EP by Godsmack
- Released: March 16, 2004
- Recorded: 2003
- Studio: Avex Honolulu Studios (Honolulu, Hawaii)
- Genre: Acoustic rock
- Length: 29:57
- Labels: Universal; Republic;
- Producers: Sully Erna; David Bottrill;

Godsmack chronology
| Faceless (2003) | The Other Side (2004) | IV (2006) |

Singles from The Other Side
- "Running Blind" Released: February 29, 2004; "Touché" Released: July 13, 2004;

= The Other Side (Godsmack EP) =

The Other Side is an acoustic EP by American rock band Godsmack, released on March 16, 2004. It includes several previously released songs re-recorded as acoustic versions, as well as three new acoustic tracks.

One new song, "Touché", featured Godsmack's first guitarist, Lee Richards, as well as John Kosco, who were at that time in the now defunct band Dropbox.
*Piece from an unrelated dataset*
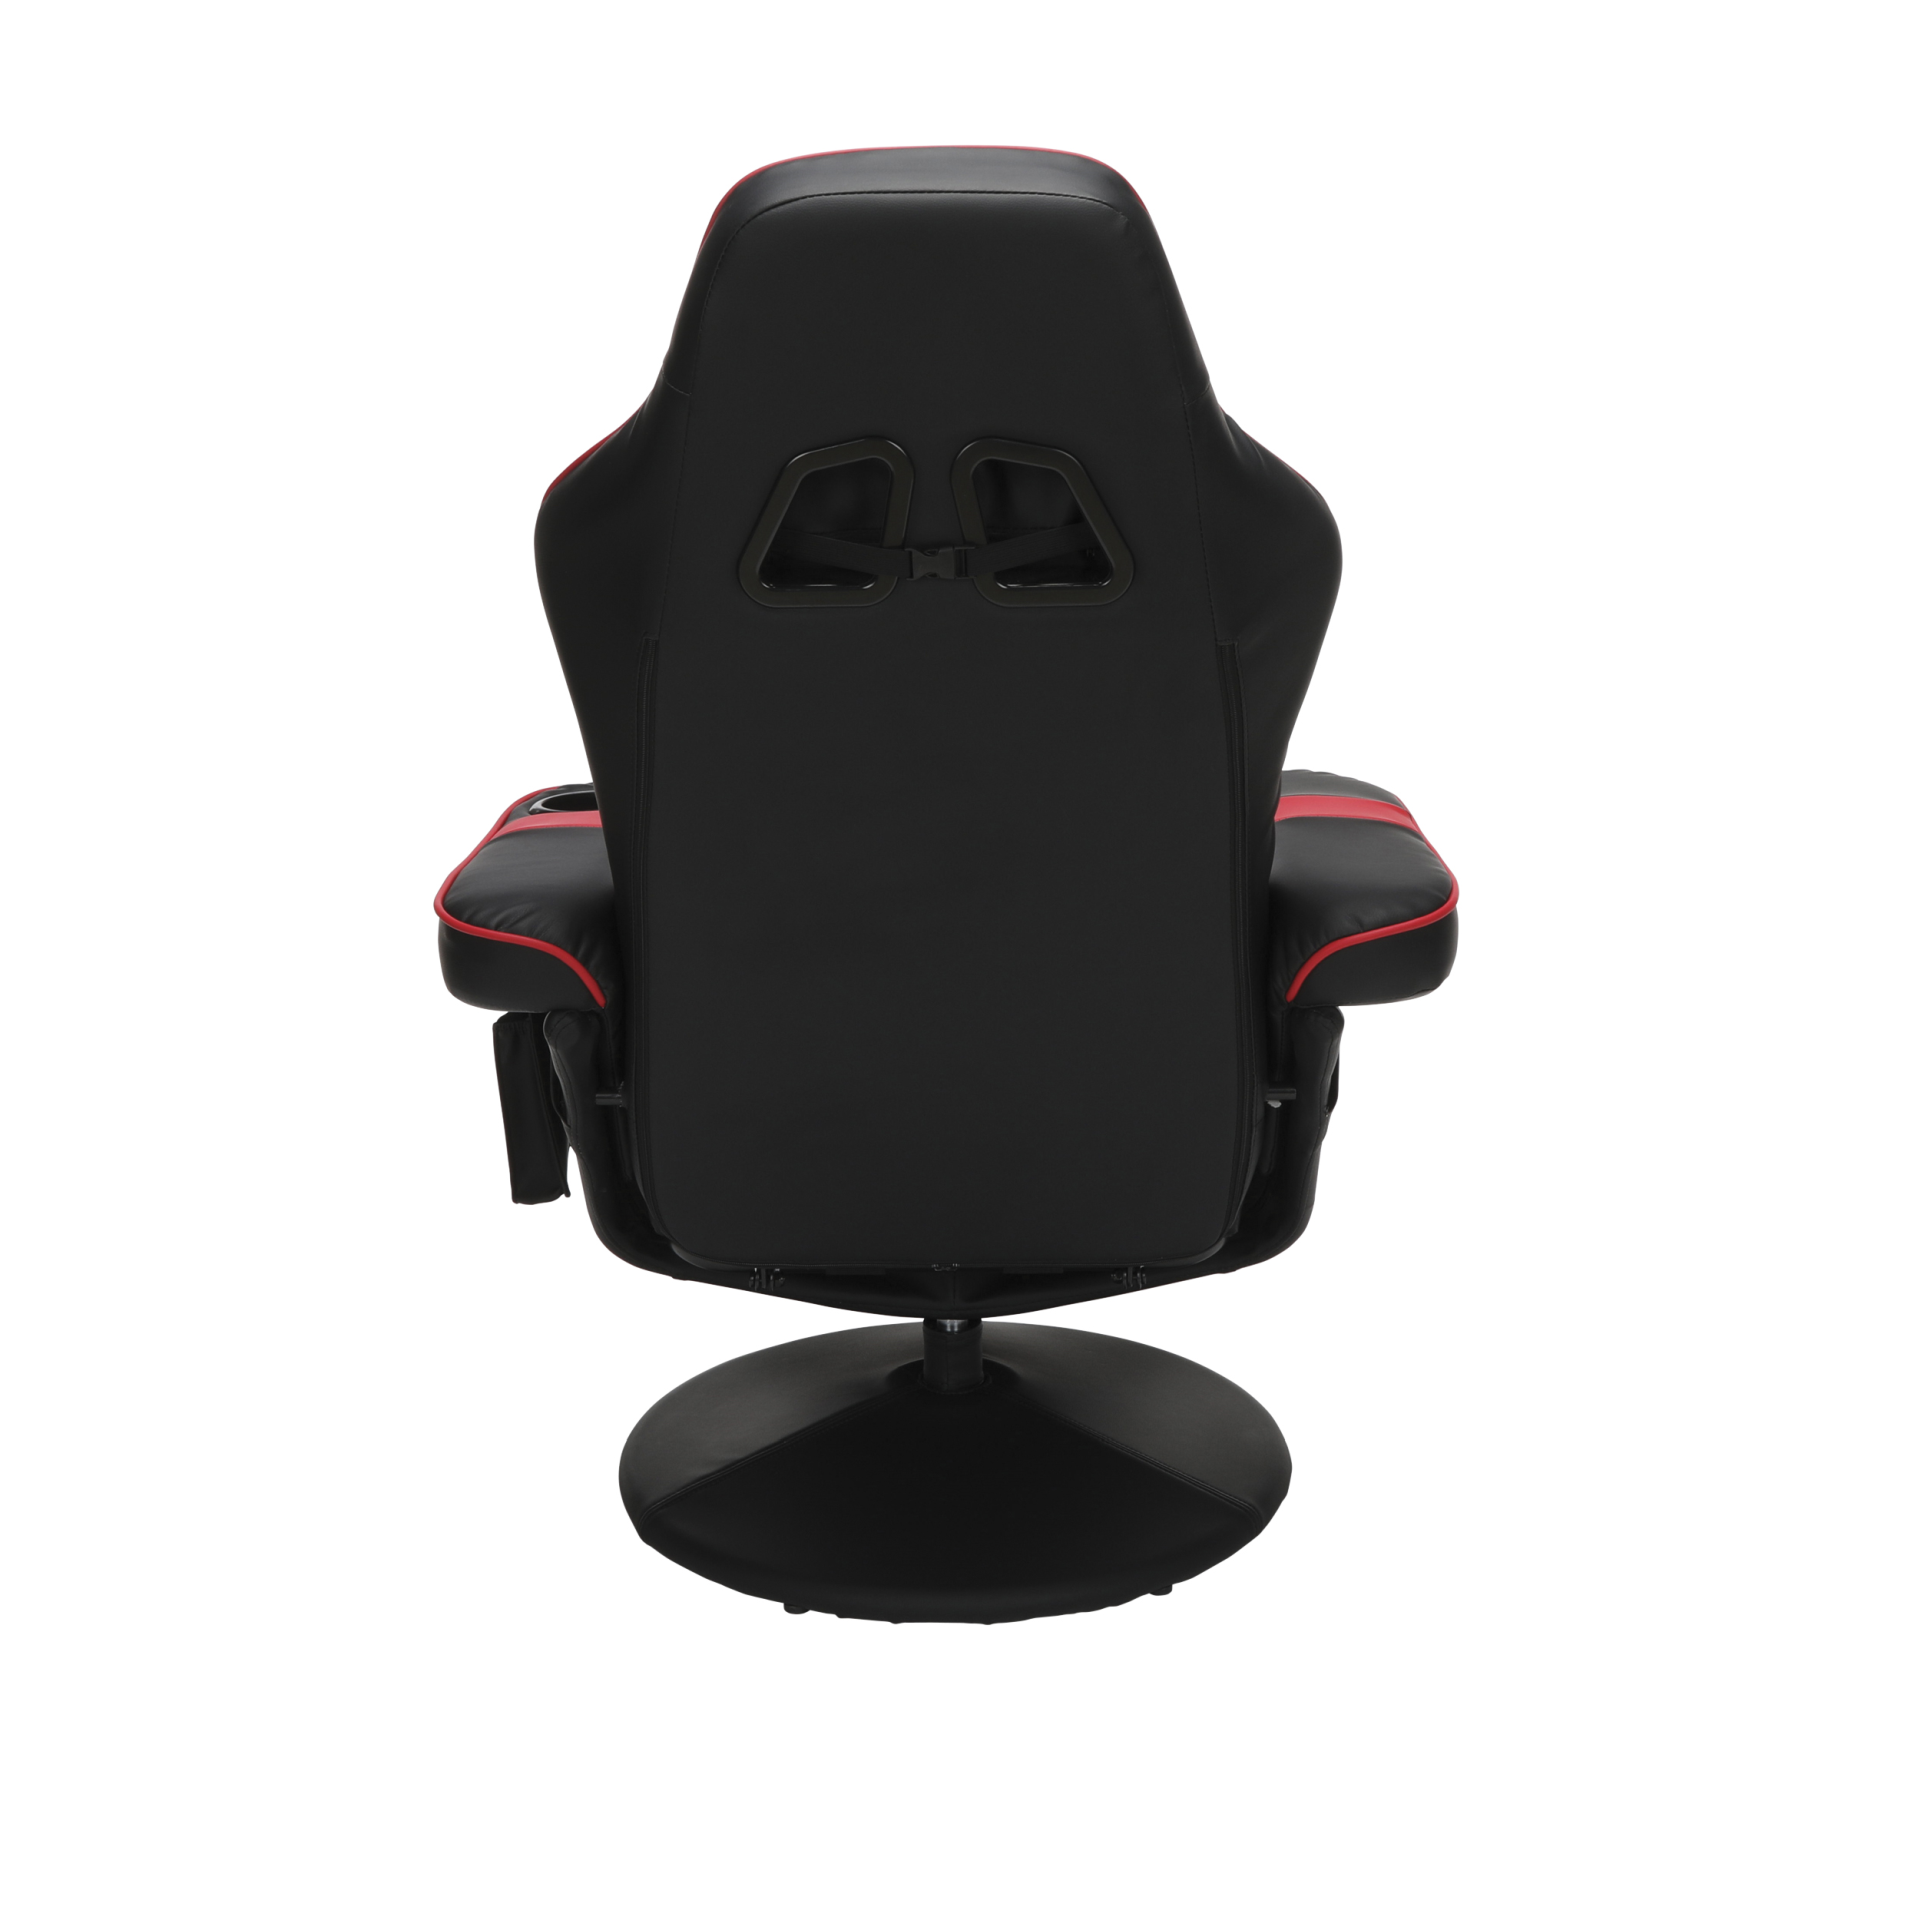 RESPAWN RSP-900 Gaming Recliner #28
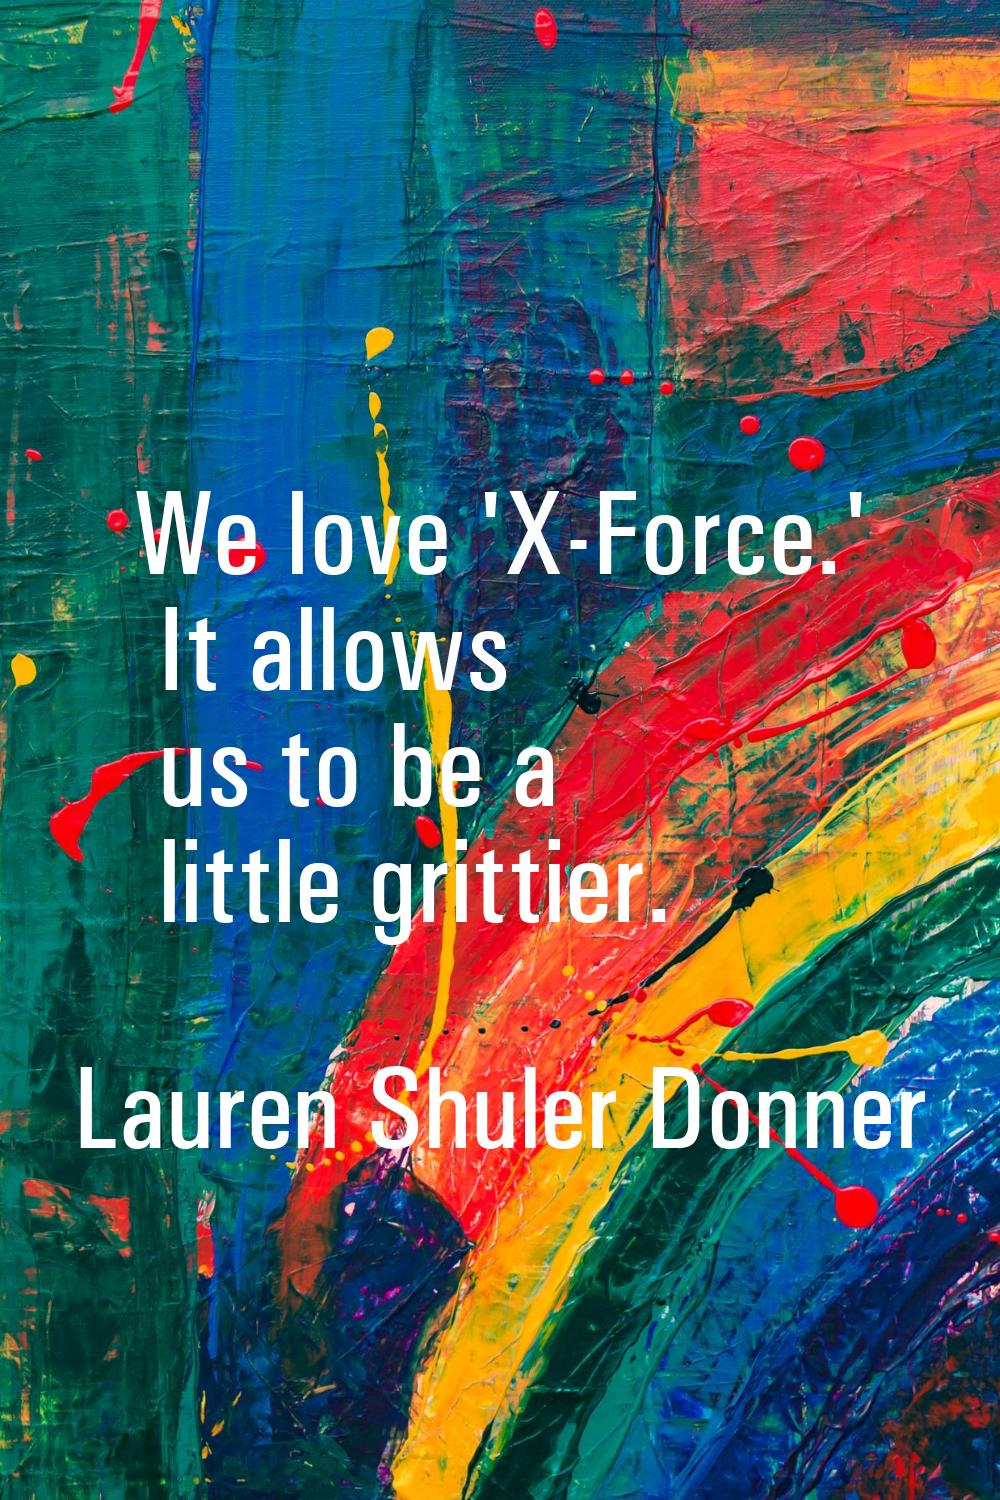 We love 'X-Force.' It allows us to be a little grittier.

The other two new acoustic tracks are "Running Blind" and "Voices" which are old songs that vocalist Sully Erna wrote but never recorded.

Professional ratings
Review scores
| Source | Rating |
| Allmusic | Star |
| Blender | Star |
| Entertainment Weekly | Positive |
| Rolling Stone | Star |

==Recording==
According to Sully Erna, the band decided to do an acoustic record because they have always messed around with acoustic versions of their music and gotten great reactions to it. "Reworking the songs this way shows a different side of the band."

The Other Side was recorded in a Hawaiian studio with producer David Bottrill, who has worked with the group on "I Stand Alone", and on their third studio album, Faceless.

==Commercial performance==
The Other Side debuted at number five on the Billboard 200, selling 98,000 copies in its first week, and the album would go on to sell over half million copies in the United States. The album has been certified Gold by the Recording Industry Association of America (RIAA), with excess sales of 500,000 copies.

==Track listing==

| No. | Title | Writer(s) | Length |
|---|---|---|---|
| 1. | "Running Blind" |  | 4:00 |
| 2. | "Realign" |  | 4:23 |
| 3. | "Touché" (featuring John Kosco and Lee Richards) | Erna; Kosco; Richards; | 3:38 |
| 4. | "Voices" |  | 3:45 |
| 5. | "Keep Away" |  | 4:50 |
| 6. | "Spiral" |  | 5:21 |
| 7. | "Awake" |  | 3:58 |
| Total length: |  |  | 29:57 |

==Personnel==
Godsmack
- Sully Erna – vocals, acoustic guitar, producer
- Tony Rombola – acoustic guitar, backing vocals
- Robbie Merrill – bass
- Shannon Larkin – drums, percussion

Additional personnel
- David Bottrill – mixing
- P. R. Brown – art direction, design, cover photo
- Troy Gonzalez – assistant engineer
- Kent Hertz – engineer
- Dave Homcy – studio photography
- John Kosco – vocals (track 3)
- Bob Ludwig – mastering
- Lee Richards – guitar (track 3)
- Ben Sanders – mixing assistant

==Charts==

===Weekly charts===

Weekly chart performance for The Other Side
| Chart (2004) | Peak position |
|---|---|
| US Billboard 200 | 5 |

===Year-end charts===

Year-end chart performance for The Other Side
| Chart (2004) | Position |
|---|---|
| US Billboard 200 | 180 |

==Certifications==

Certifications and sales for The Other Side
| Region | Certification | Certified units/sales |
| United States (RIAA) | Gold | 500,000^{^} |
^{^} Shipments figures based on certification alone.